LiveTalk

Real-Time Multimodal Interactive Video Diffusion via Improved On-Policy Distillation

LiveTalk enables real-time multimodal interactive avatar video generation through an improved on-policy distillation approach. By distilling bidirectional diffusion models into causal, few-step autoregressive models, LiveTalk achieves over 20× speedup, enabling seamless real-time interactive experience.

🎬 Demo

video_1.MP4

video_2.MP4

video_3.MP4

⭐ Highlights

Real-Time Generation: Achieves 24.82 FPS throughput with 0.33s first-frame latency
Multimodal Conditioning: Supports text, image, and audio inputs for flexible avatar control
Efficient Inference: Reduces inference time from ~83s to real-time through 4-step diffusion distillation
Multi-Turn Coherence: Demonstrates competitive performance against models like Veo3 and Sora2 on multi-round interaction benchmarks
End-to-End System: Provides integration with audio language models for conversational AI applications

🚀 Get started

Requirements

We tested this repo on the following setup:

NVIDIA GPU with at least 24 GB memory (RTX 4090, A800, and H800 are tested)
Linux operating system
64 GB RAM

Installation

Clone the LiveTalk respository:

git clone https://github.com/GAIR-NLP/livetalk.git
cd livetalk

Clone the OmniAvatar repository from within the current LiveTalk repository:

git clone https://github.com/Omni-Avatar/OmniAvatar

Apply patches on OmniAvatar:

bash scripts/add_patch.sh

Create a conda environment and install dependencies:

conda create -n livetalk python=3.10 -y
conda activate livetalk
pip install -r requirements.txt
conda install -c conda-forge ffmpeg
pip install https://github.com/Dao-AILab/flash-attention/releases/download/v2.8.3/flash_attn-2.8.3+cu12torch2.8cxx11abiFALSE-cp310-cp310-linux_x86_64.whl
python setup.py develop

Download Checkpoints

Download the required model checkpoints:

# Download Wan2.1 base model
huggingface-cli download Wan-AI/Wan2.1-T2V-1.3B --local-dir-use-symlinks False --local-dir pretrained_checkpoints/Wan2.1-T2V-1.3B

# Download LiveTalk model checkpoint
huggingface-cli download GAIR/LiveTalk-1.3B-V0.1 --local-dir-use-symlinks False --local-dir pretrained_checkpoints/LiveTalk-1.3B-V0.1

# Download Wav2Vec2 model for audio processing
huggingface-cli download facebook/wav2vec2-base-960h --local-dir-use-symlinks False --local-dir pretrained_checkpoints/wav2vec2

The file structure will be:

.livetalk
|-- ...
|-- OmniAvatar
|-- pretrained_checkpoints
|   |-- LiveTalk-1.3B-V0.1
|   |-- Wan2.1-T2V-1.3B
|   |-- wav2vec2

Inference

We currently offer a simple script for running video inference, but it does not support streaming input and output. The inference requires approximately 20GB of GPU memory usage.
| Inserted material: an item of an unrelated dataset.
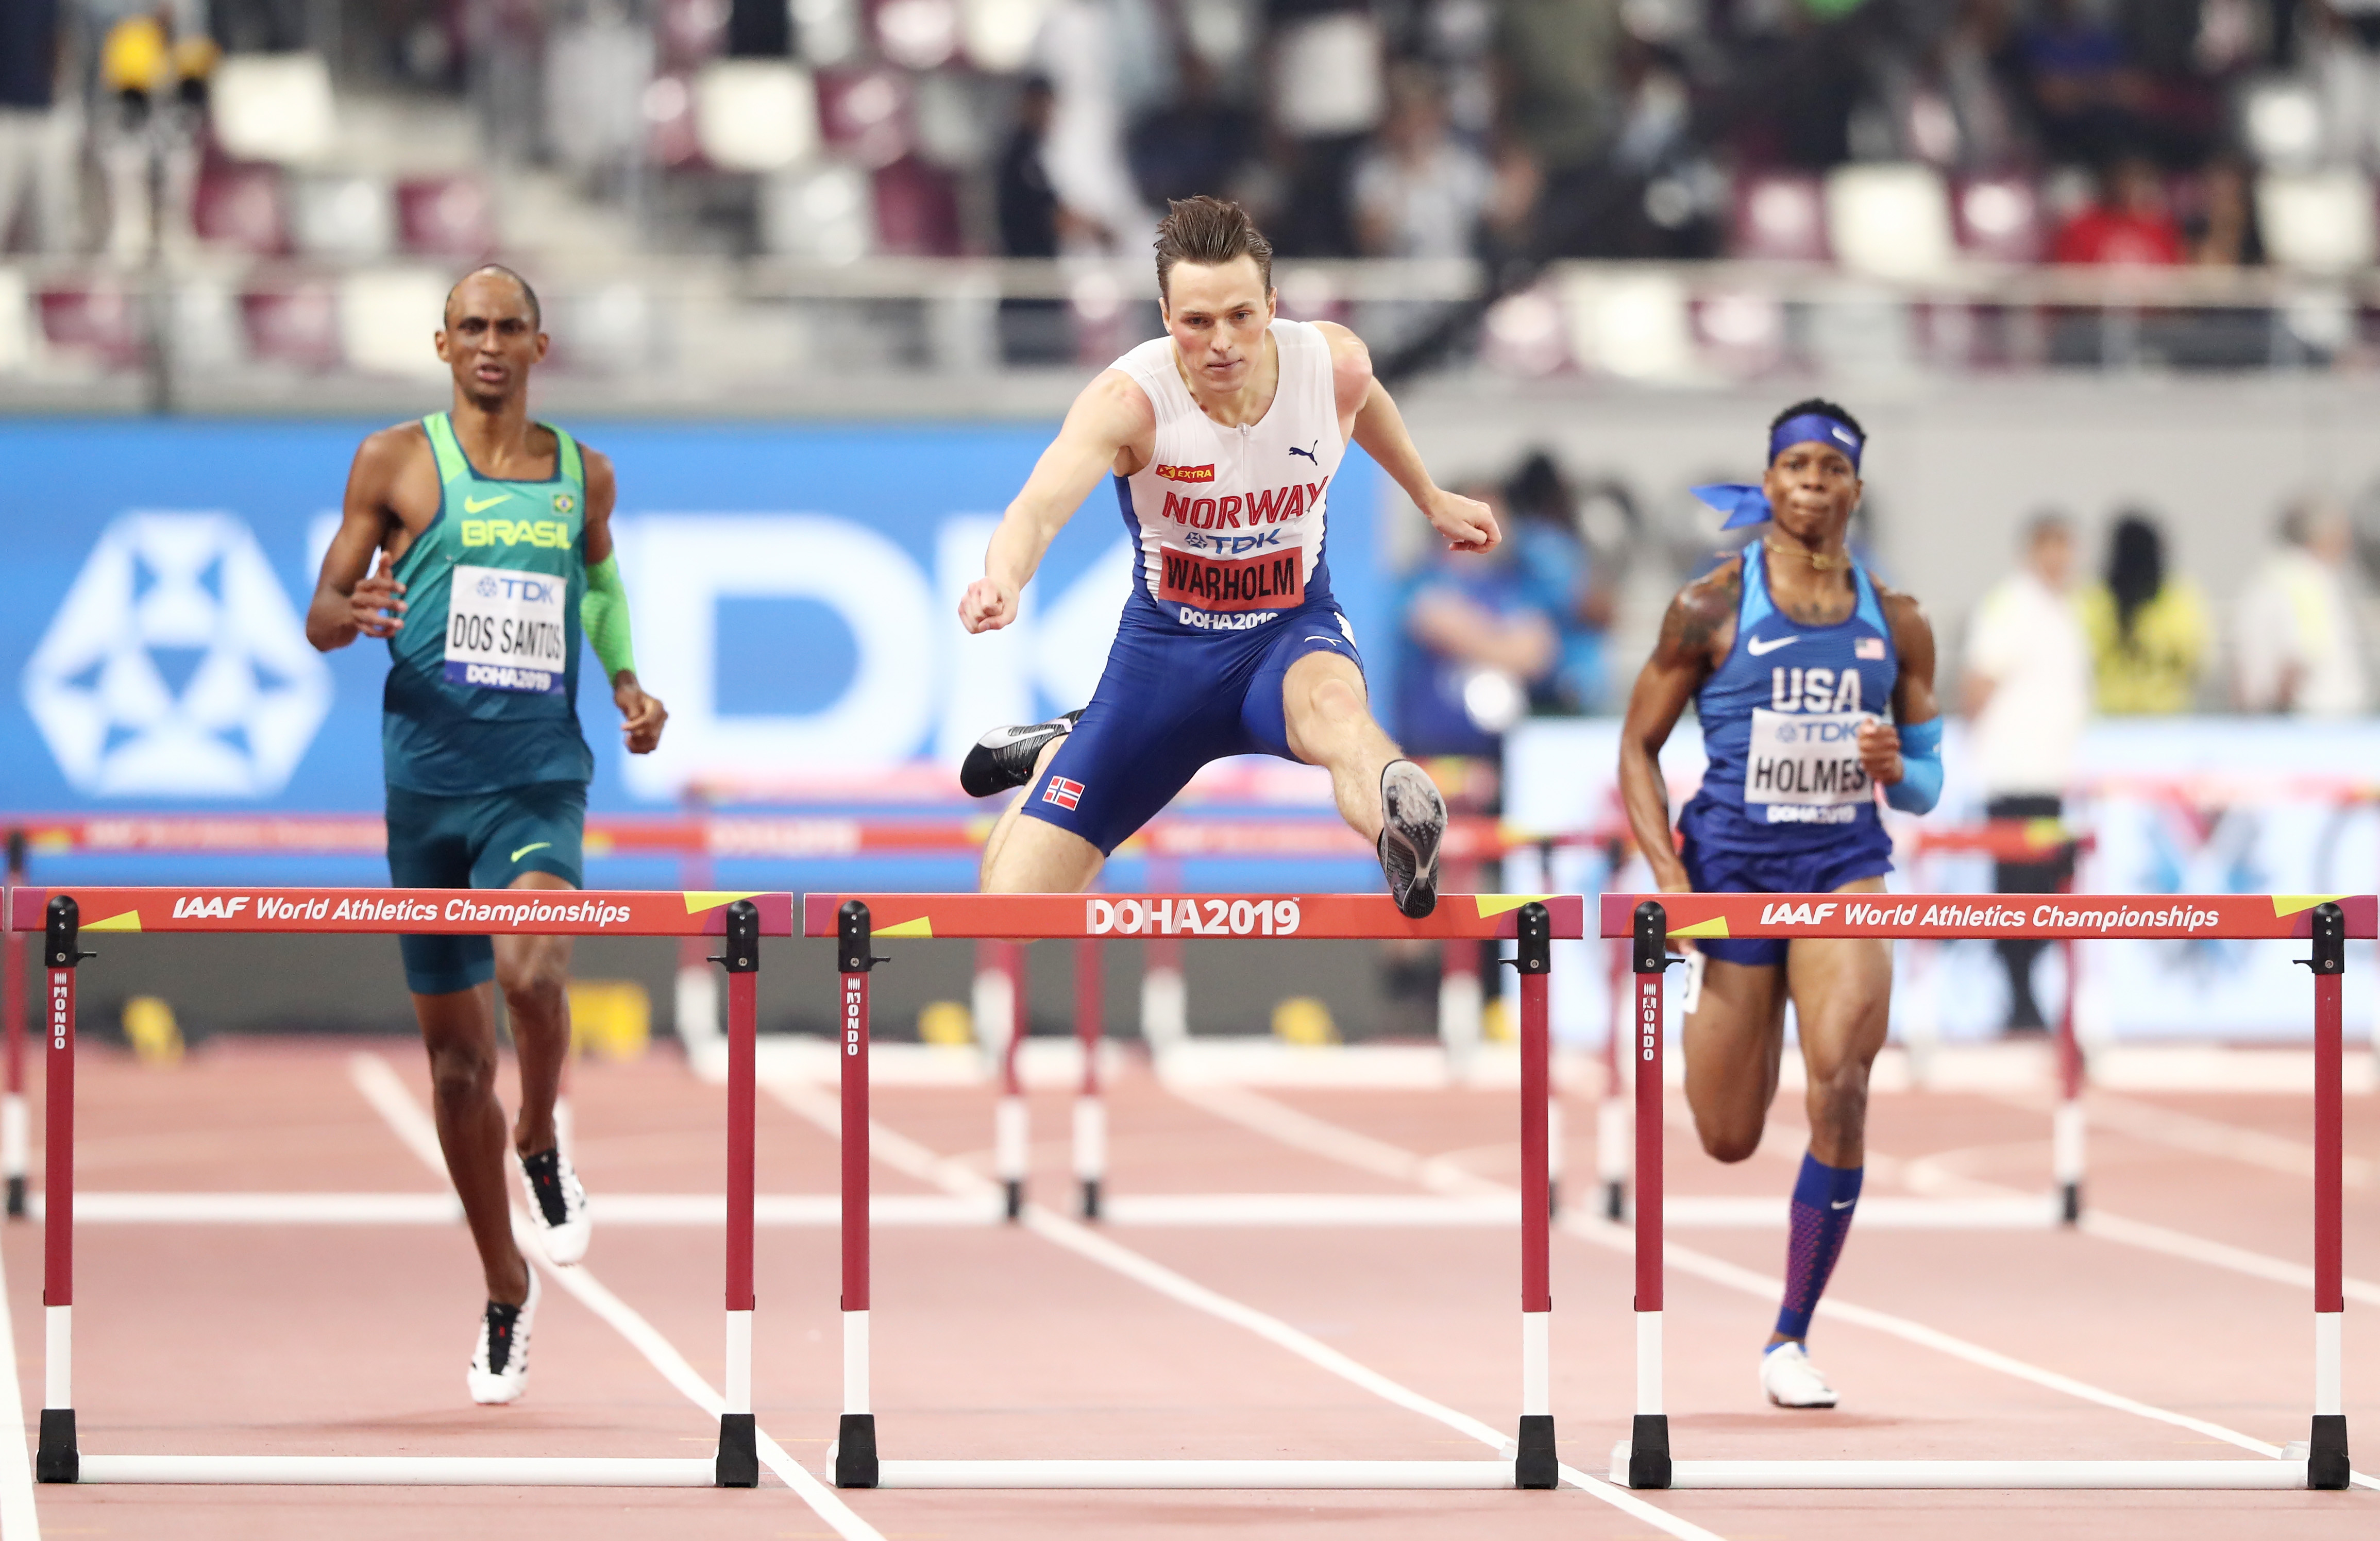 Warholm sets new world mark in 300mH

Execute the inference script with your configuration:

bash ./scripts/inference.sh

Input Requirements:

Image: Reference image of the person (JPG/PNG format)
Audio: Speech audio file (WAV format, 16kHz sample rate recommended)
Text Prompt: Description of the desired video characteristics

Output:

High-quality video at 16 FPS
Audio synchronized with lip movements
Duration specified by video_duration parameter

🔍 Method Overview

Improved On-Policy Distillation Recipe

Our approach addresses challenges in distilling multimodal video diffusion models:

Challenge: Self Forcing encounters visual artifacts (flickering, black frames, quality degradation) with multimodal conditioning.

Our Solution:

Curated Multimodal Conditions: High-quality reference images (super-resolution, semantic consistency) and motion-focused text prompts
Converged ODE Initialization: Extended training (20k steps) for robust starting point
Aggressive Optimization: 2× learning rate and CFG=6 to maximize learning within limited DMD window

These improvements eliminate training instability and deliver high-quality results across perceptual metrics, audio-visual synchronization, and aesthetic quality.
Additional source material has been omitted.